Confession. If you met me in real life, and hadn’t read my blog, i probably wouldn’t tell you about it. I probably would’nt tell you that i am a designer, or that i run a small business. I also wouldn’t tell you that i have degrees in Maths and Finance, and previously had a successful career in Actuarial science.
I would tell you I stay home with my kids and love it, and i would probably stop there.
Recently i’ve been wondering why i do this. You’d be surprised how much time i’ve spent analysing my own actions. And i’ve realised that i’m a little in denial and a little bit trying to make a statement. I don’t want to say that I work outside of looking after my family, because i don’t want to accept that i have a job. Mind blown.
The thing is, i hate expectations and judge-mentality. I hate it when people look down at mothers who stay home with their children, and treat them like they are stupid (it happens to me all the time, and its downright offensive). But I also hate it when people judge mothers who work, as if somehow having to work outside the home could make you love your family less? It’s ridiculous.

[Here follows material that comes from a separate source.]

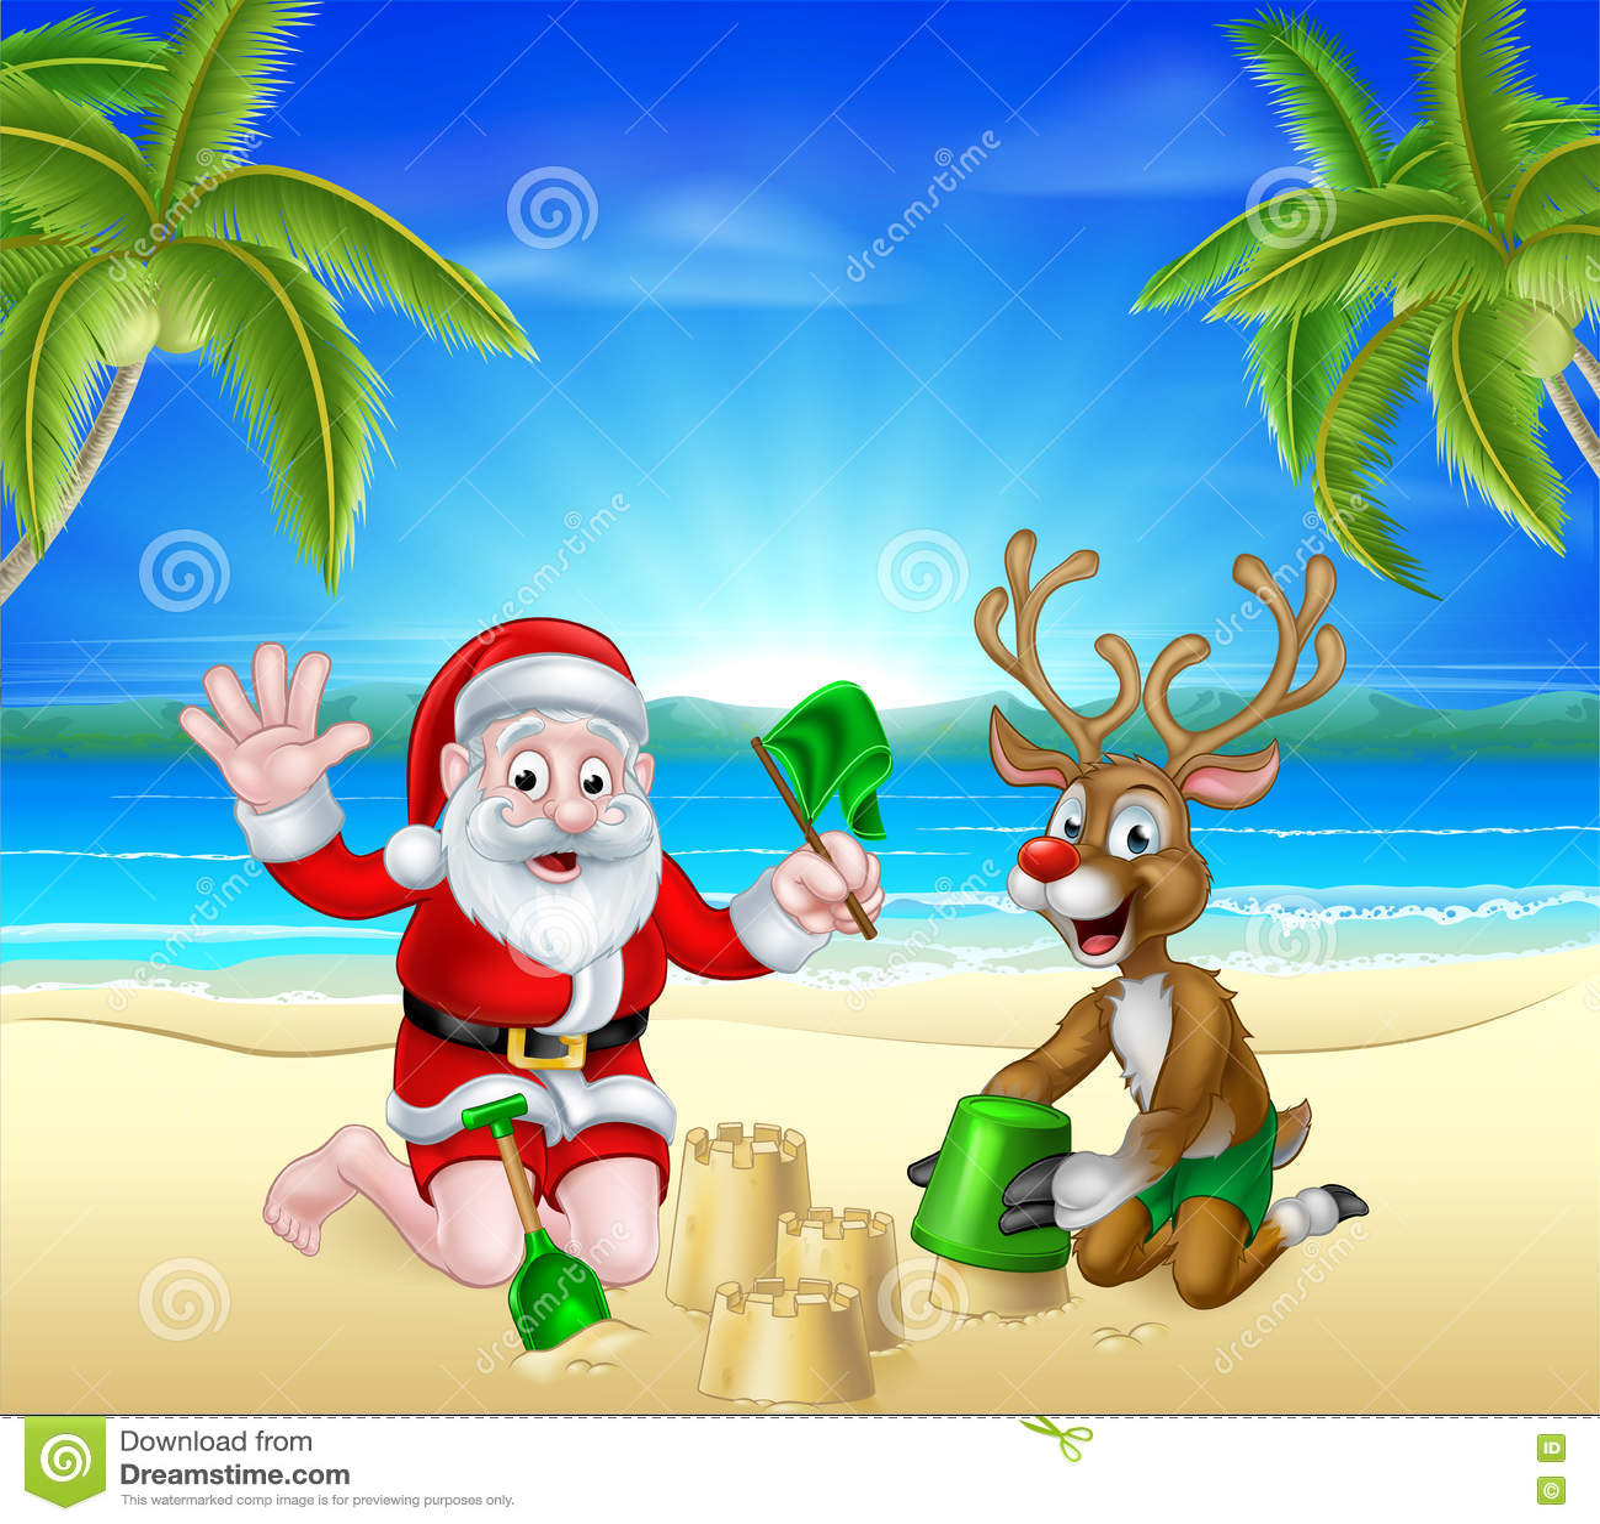 free clipart santa on the beach - photo #33

So i don’t tell people what i do. I tell them i am home, because i want that choice to be respected. I want to stand in solidarity for anyone who makes that choice. I am yelling in my head “I am an educated intelligent woman who chooses to stay home! I CHOSE! It’s ok! I dare you to judge me!”.

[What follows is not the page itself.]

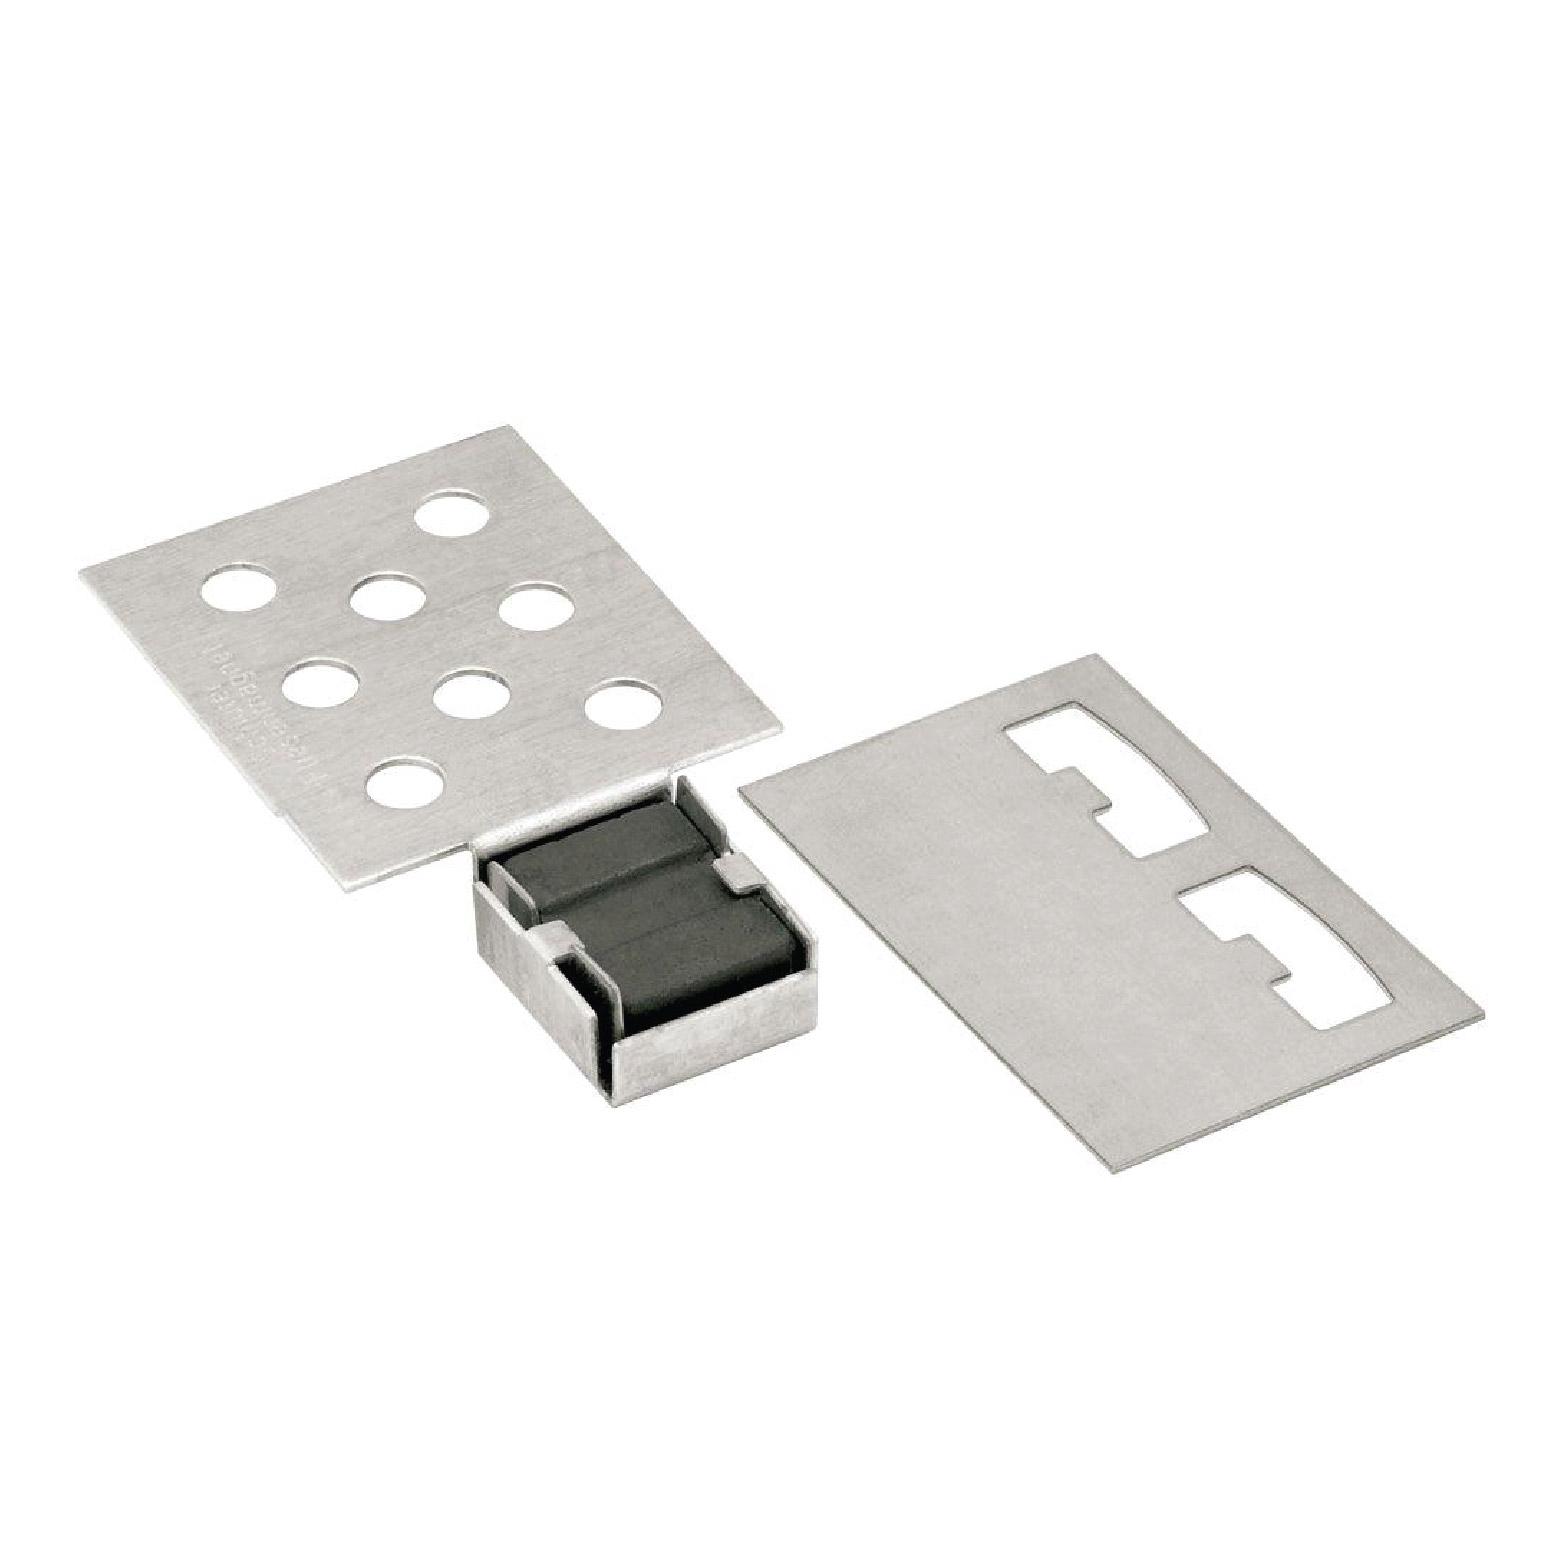 REMA Access Panel Kit

But isn’t that silly? Because really, I am a woman who is home with family AND works from home. I am blessed to straddle both worlds. Instead of taking a stance on the side i think is most victimised, i should accept who i am and champion both.
So i’m trying really hard to accept what i am. To practice saying “I work from home”.
I am at home with my kids, but i also run a business. And it’s ok to do both.